Markov Clustering

2019-06-22 16:32发布

问题:

I have two questions to be precise. Firstly, I would like to know if there is an easy way to adapt the Markov Clustering Algorithm so that I can specify in advance, how many clusters I would like to have at the end. If not, which similiar algorithm would you recommend?

And secondly how should be dealt with overlapping clusters in the Markov world?

回答1:

1). There is no easy way to adapt the MCL algorithm (note: its name is 'Markov cluster algorithm' without the 'ing'. Many people verbalise it as in 'doing Markov clustering', which is fine) to output a specified number of clusters. This is in my opinion, for 99.99% of the time a highly desirable feature. If I were to do what you want, I would generate 4 or 5 clusterings at different levels of granularity (say setting the MCL inflation parameter to 1.4, 2.0, 3.0, 4.0 and 6.0, but it could be worthwhile to do a few more and pick based on the distribution of cluster sizes), then unify them in a hierarchical clustering (the program 'clm close' can do that).

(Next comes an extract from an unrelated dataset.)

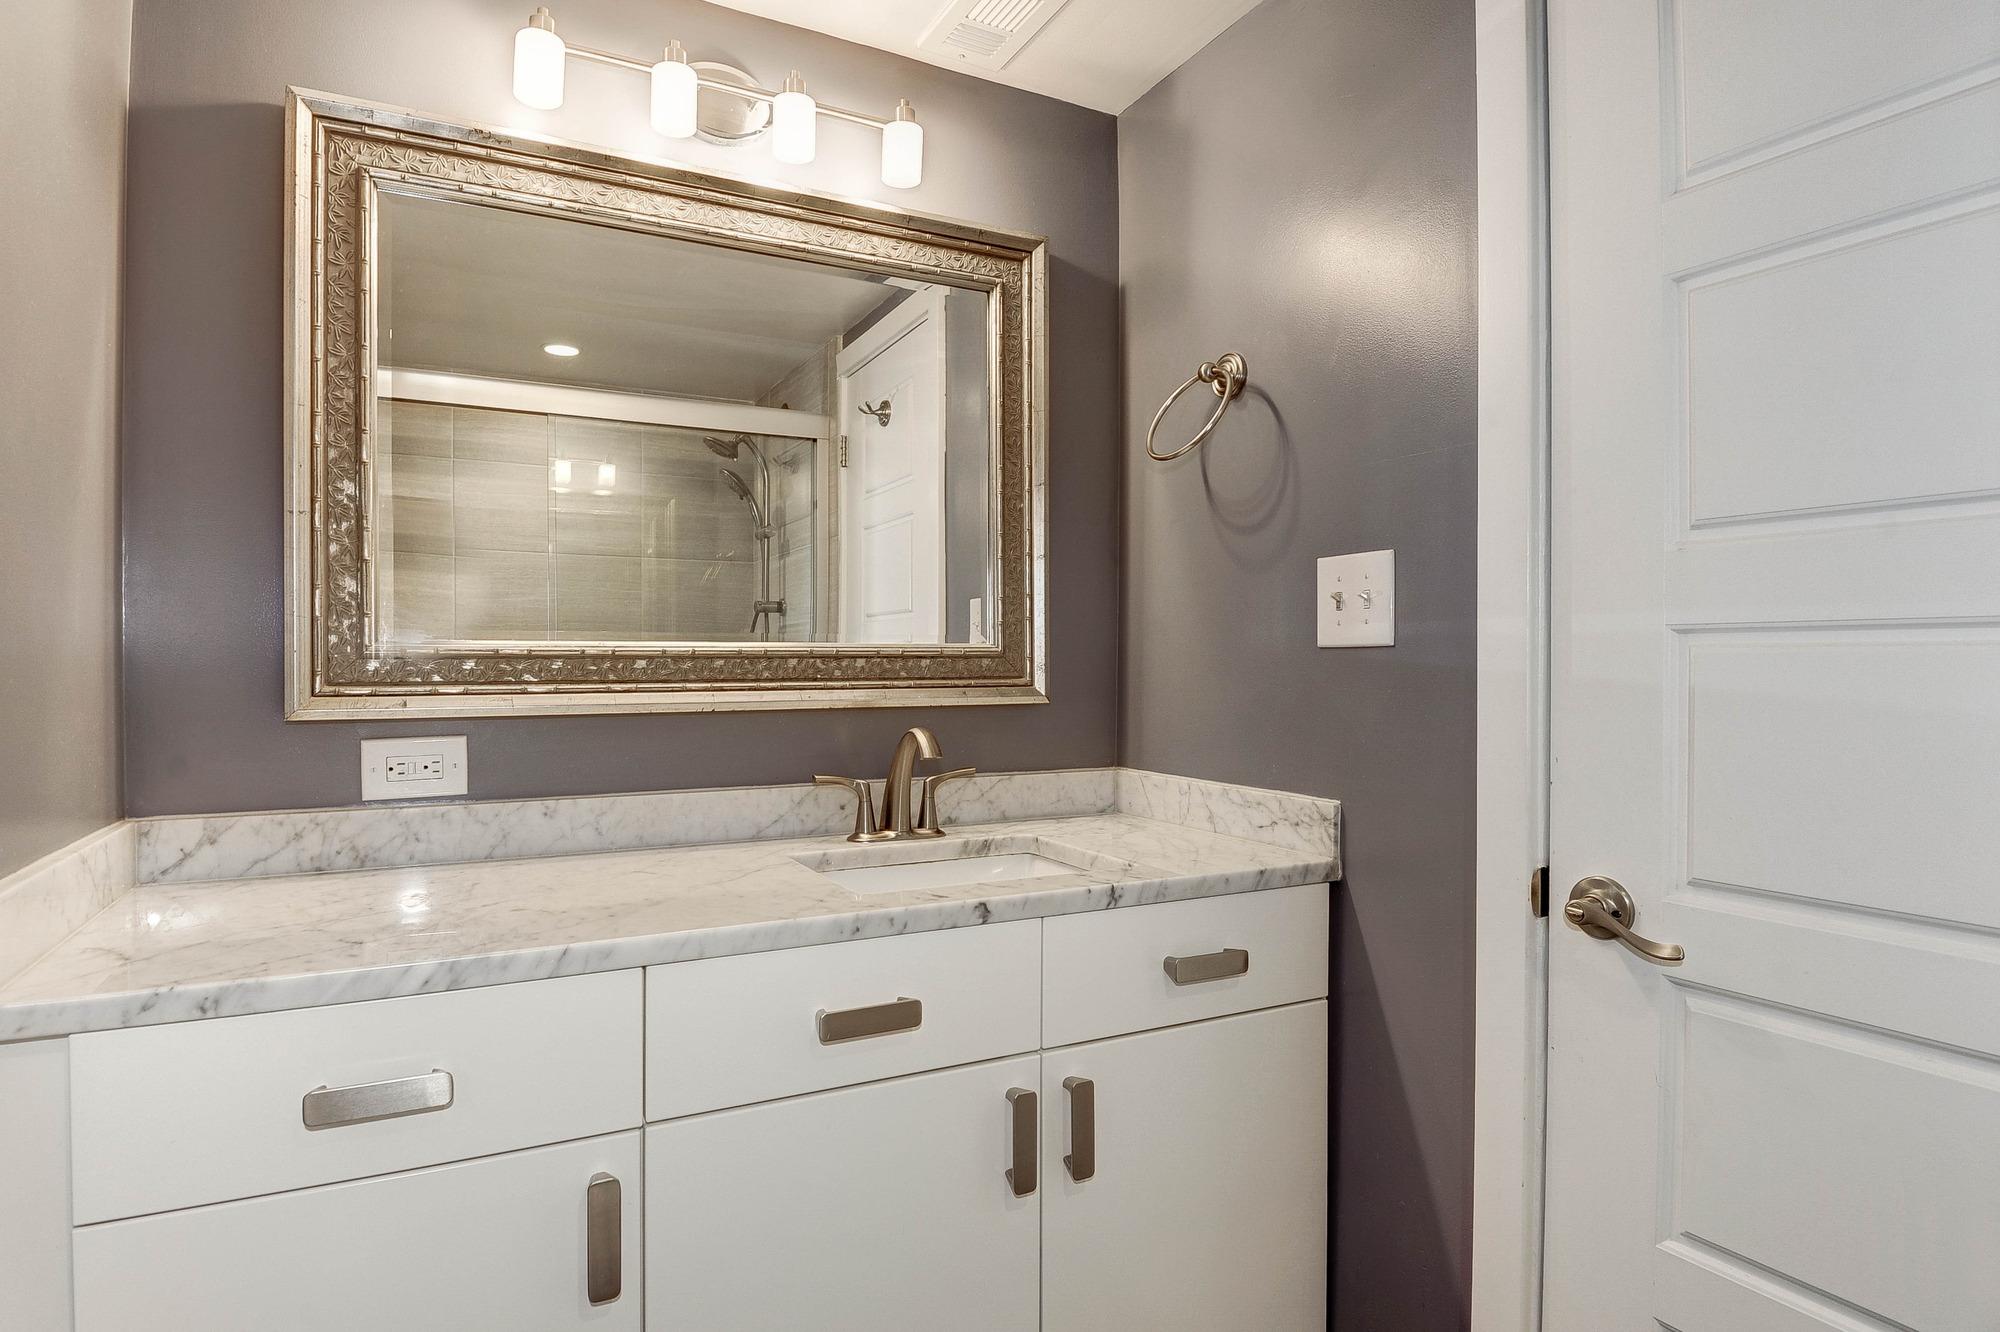 Large Granite Sink in Bathroom
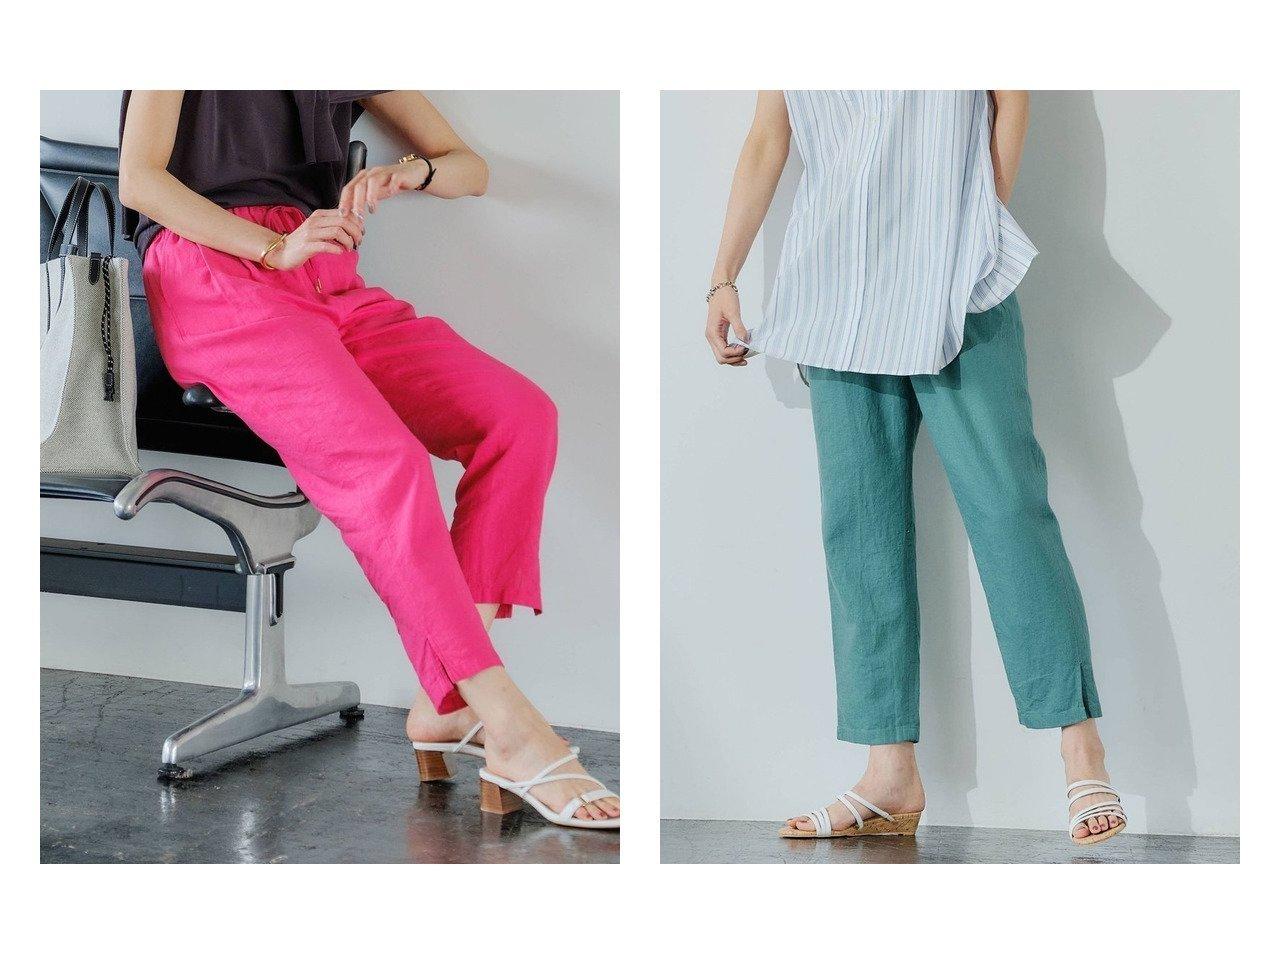 【green label relaxing / UNITED ARROWS/グリーンレーベル リラクシング / ユナイテッドアローズ】のVIS イージー テーパード パンツ 36・38サイズ 【パンツ】おすすめ!人気、トレンド・レディースファッションの通販 おすすめで人気の流行・トレンド、ファッションの通販商品 インテリア・家具・メンズファッション・キッズファッション・レディースファッション・服の通販 founy(ファニー) https://founy.com/ ファッション Fashion レディースファッション WOMEN パンツ Pants ギャザー クッション 今季 シンプル ジーンズ スリット テーパード メタル リラックス ルーズ NEW・新作・新着・新入荷 New Arrivals おすすめ Recommend お家時間・ステイホーム Home Time/Stay Home  ID:crp329100000049935

After that one could traverse the tree and try to find an optimal clustering of the desired size. This obviously requires significant effort. I have done something similar but not quite the same in the past.

2). Overlapping clusterings produced by MCL are extremely rare, and always a result of symmetry in the input graph. The standard MCL implementation that most people use (from http://micans.org/mcl/) will remove overlap. This in my opinion is not a concern. Disclaimer: I authored MCL.